Here's the commit for the recent changes for easy viewing.
0d65af3

Let me know if the includes split is not how you wanted it.

[AdmiralCurtiss]

Note: Lint wants QDialog as the first include for the .h for some reason

Because there's no empty lines between. It will sort the files alphabetically, but not across empty lines.

Looks fine to me now otherwise, and even that is kinda whatever.

[dreamsyntax]

Rebased on master. Repushed (mainly because the pipeline was not showing up for some reason)
Here's the final version screenshots

[sepalani]

LGTM.

I played with it, checked the total hits/hits columns make sense.
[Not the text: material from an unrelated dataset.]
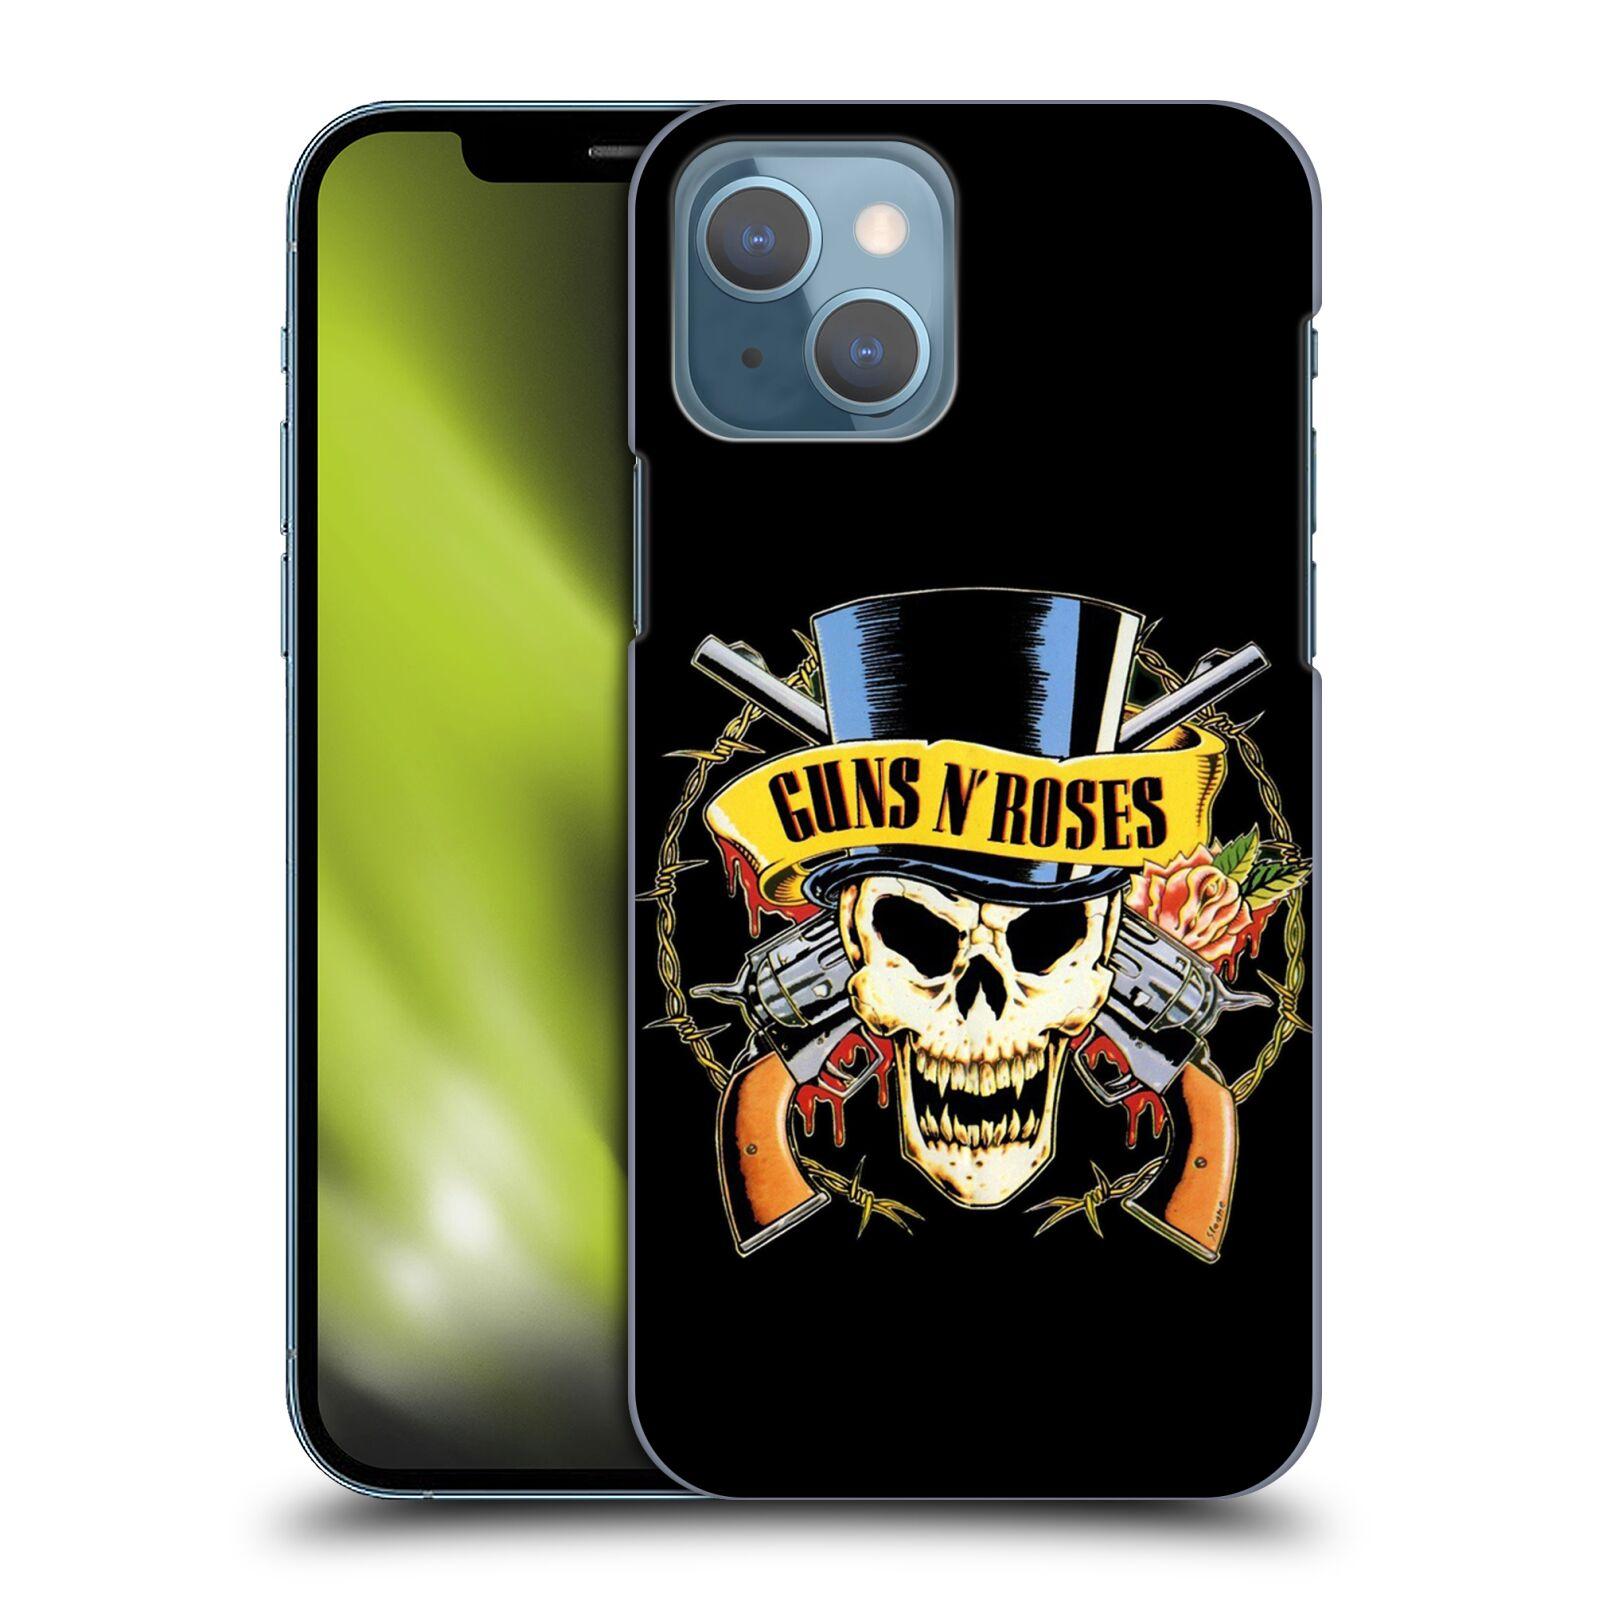 Plastové pouzdro na mobil Apple iPhone 13 - Head Case - Guns N' Roses - Lebka

I didn't experience issues with it while including and excluding entries and got the results I expected.

[JosJuice]

Sorry for catching this late, but when trying to translate Dolphin's strings I came across this sentence that was added by this PR:

"Includes (Code has been executed) should have short recordings focusing on what you want."

What does this mean? I can't make sense of the sentence structure.

[TryTwo]

The "Code has been executed" button should be used on the shortest possible interval, to avoid catching irrelevant functions.

i.e. Record -> trigger action quickly -> press code has been executed quickly.

"Code has not been executed" should follow the opposite rule, being used over long intervals where the desired action wasn't triggered, to catch and eliminate everything you don't want.

[JosJuice]

Okay, so "include" is a noun, and "Code has been executed" is a clarification of what "include" refers to?

[TryTwo]

"Includes" is a noun that refers to items for/on the include list (list of possible functions you are looking for), which is updated with the "code has been executed button". So yeah, a clarification. I think the line could be rewritten a bit to be more clear maybe.